When the Algonquin needed to close in 2004 for renovations, Melchiorri spun the announcement: Matilda was going on vacation so the hotel needed to close. He held a press event where Matilda was whisked off to her vacation in a Rolls-Royce convertible while cameras snapped.

Despite being in the hotel business, Melchiorri does not travel with his dog Sandy, a 17-year-old Yellow Lab/White Shepherd mix. Sandy is a beloved companion to Melchiorri’s three daughters, a 9-year-old and 12-year-old twins. “Before the girls came, she was our daughter,” Melchiorri says. “Sandy has brought a lot of love into our lives.”

Melchiorri’s insider tips for staying in hotels with pets:
• Check out the hotel’s pet policy on its website. Pet-friendly hotels typically have something on their website marketing to the animal lover. If a hotel only mentions pets in tiny print, then they may not embrace pets. Call the hotel to judge if they truly welcome pets. You want to go to a hotel that as soon as you walk in and the bellman greets you, they’re going to greet your pet and give him a bone.

• Follow the pet policy. Check the policy for size restrictions and number of pets allowed in the room. Be aware that most hotels have a cleaning charge of $25 to $125, depending on the size of the animal. Don’t try to sneak your pet into the hotel.

• When you need to leave your pet alone in your hotel room, keep your pet in a crate. The housekeeper may not love your pet as much as you do, and some of the housekeepers may be petrified of animals. If your dog doesn’t do well in a crate, make babysitting arrangements through a doggie daycare or dog walking service.

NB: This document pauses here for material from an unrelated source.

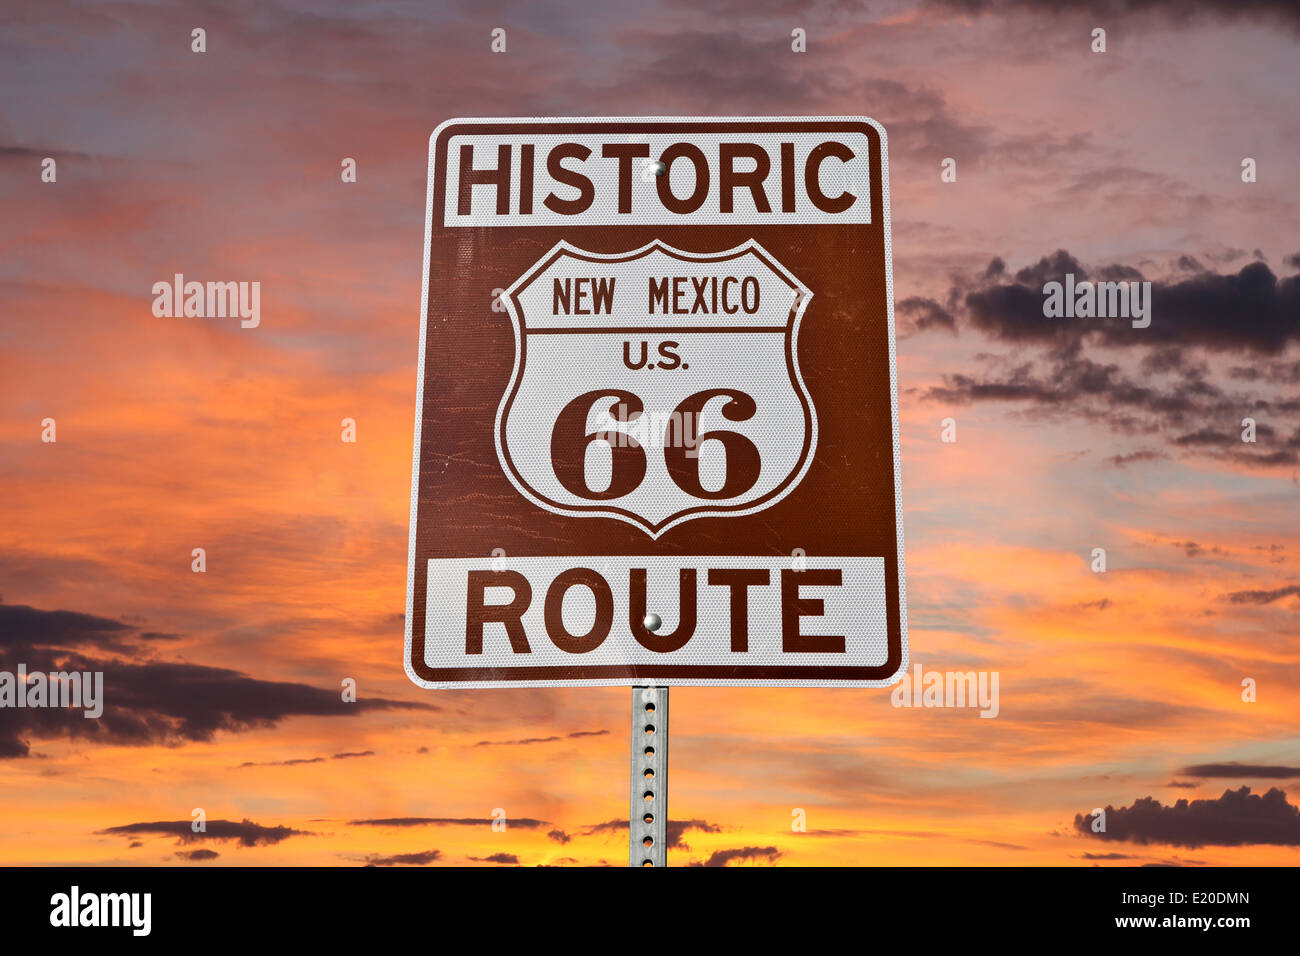 Historic Route 66 New Mexico sign with sunset sky. Stock Photo
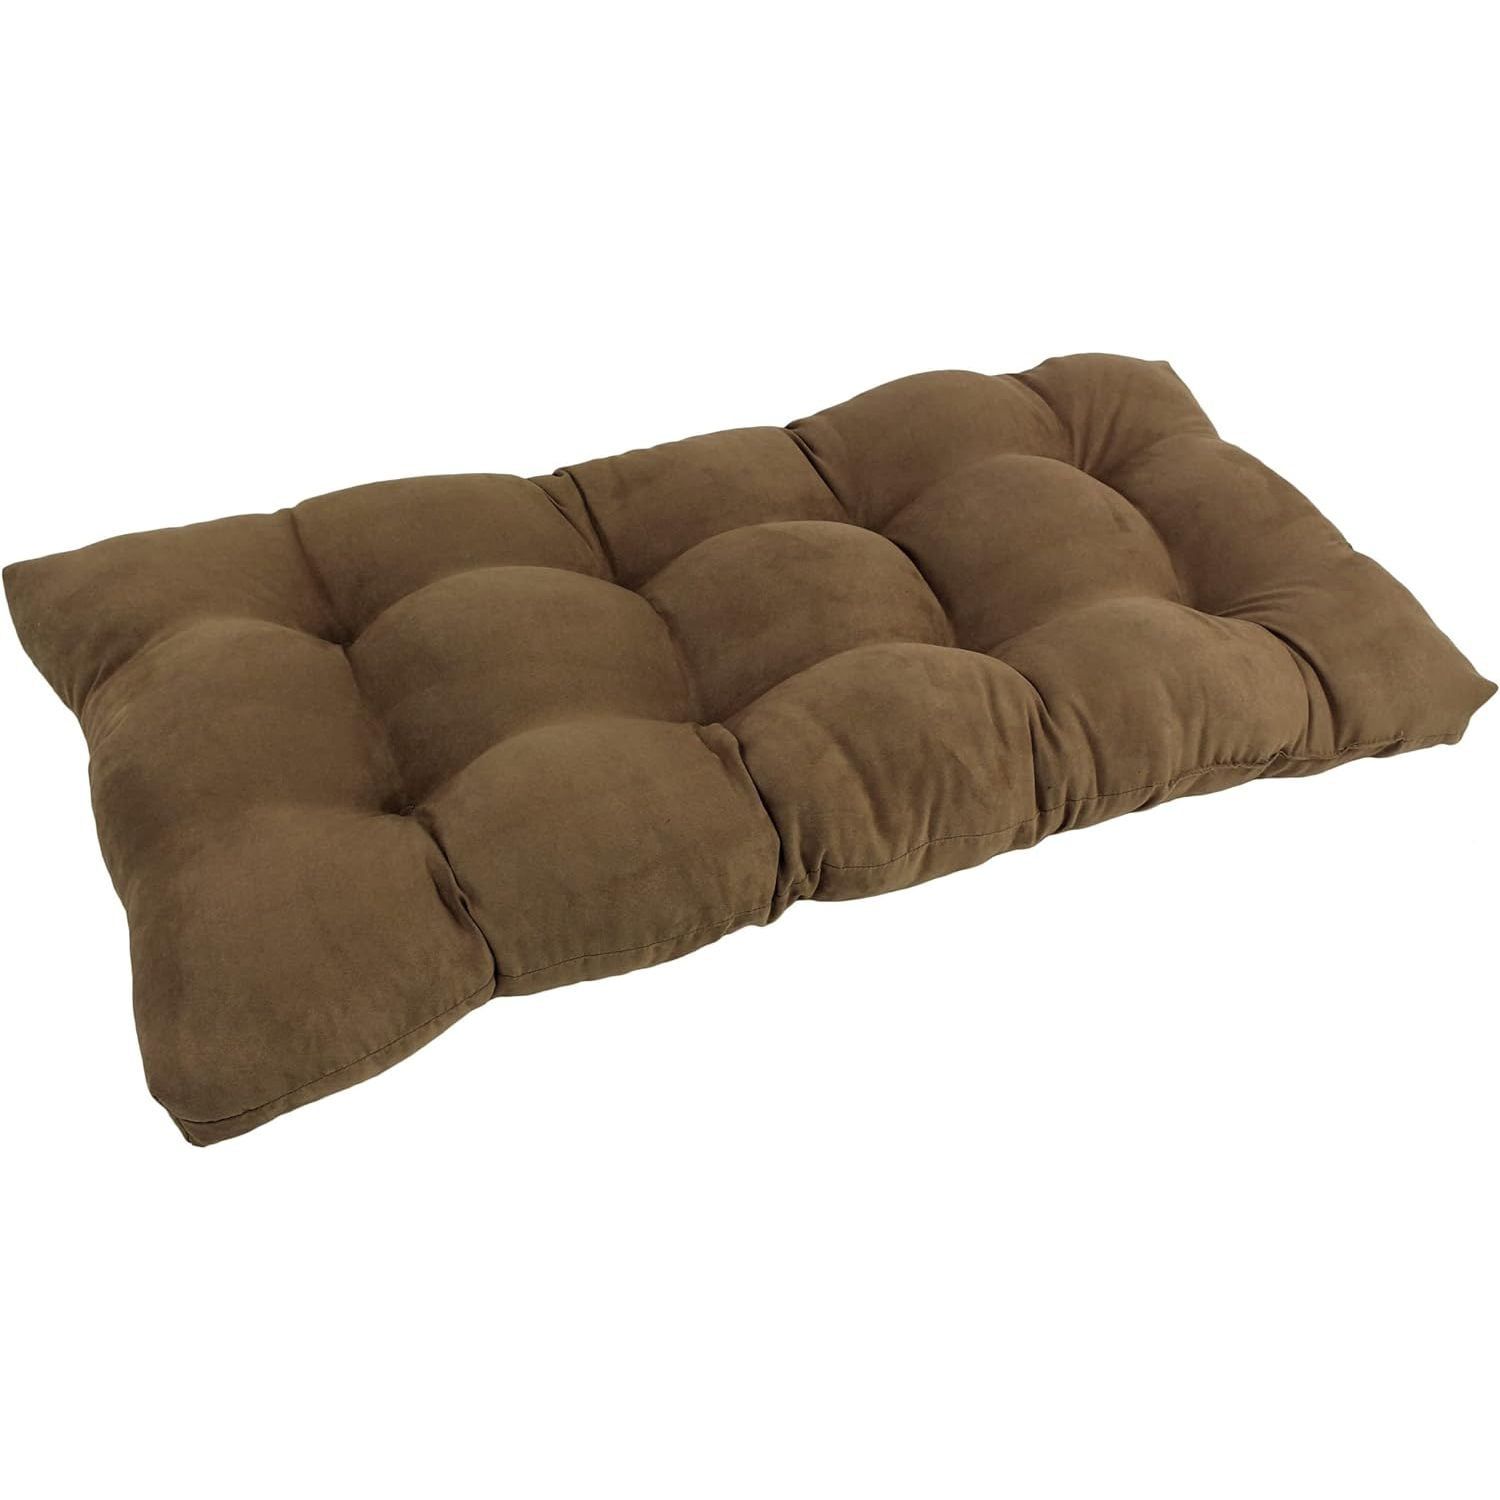 Saddle Brown Microsuede Tufted Loveseat Cushion, 42" x 19"

• If your pet has a potty accident, call housekeeping to clean up with appropriate cleaning products. Keep the cleaning to the professionals. Don’t clean it yourself, and don’t use the towels in the room. Just call housekeeping —no harm, no foul. They will be more than happy to clean up after your pet, as long as you let them know. They don’t want another guest to experience something that they shouldn’t experience.

• If the bellman walks your dog, take care of the bellman. The typical rate is $5 for every 10 minutes. Melchiorri insists that all his bellmen have bones in their pockets. They will not only give your dog a bone, but they will give any dog who walks past the hotel a bone—a true mark of a pet-friendly hotel.

• On flip side, don’t ask another hotel guest to walk your dog. Sometimes guests become friendly with each other and ask a new acquaintance to walk their dog. It’s a bad idea. You wouldn’t give your child to a stranger—don’t give your pet to a stranger.

• Call the hotel in advance and let them know if you have specific needs. A hotel should treat your pets the way they treat you. Tell the hotel about your pet before you arrive. Let the hotel staff know your pet’s likes. They make accommodations for your taste, so they’ll make accommodations for your pet’s tastes.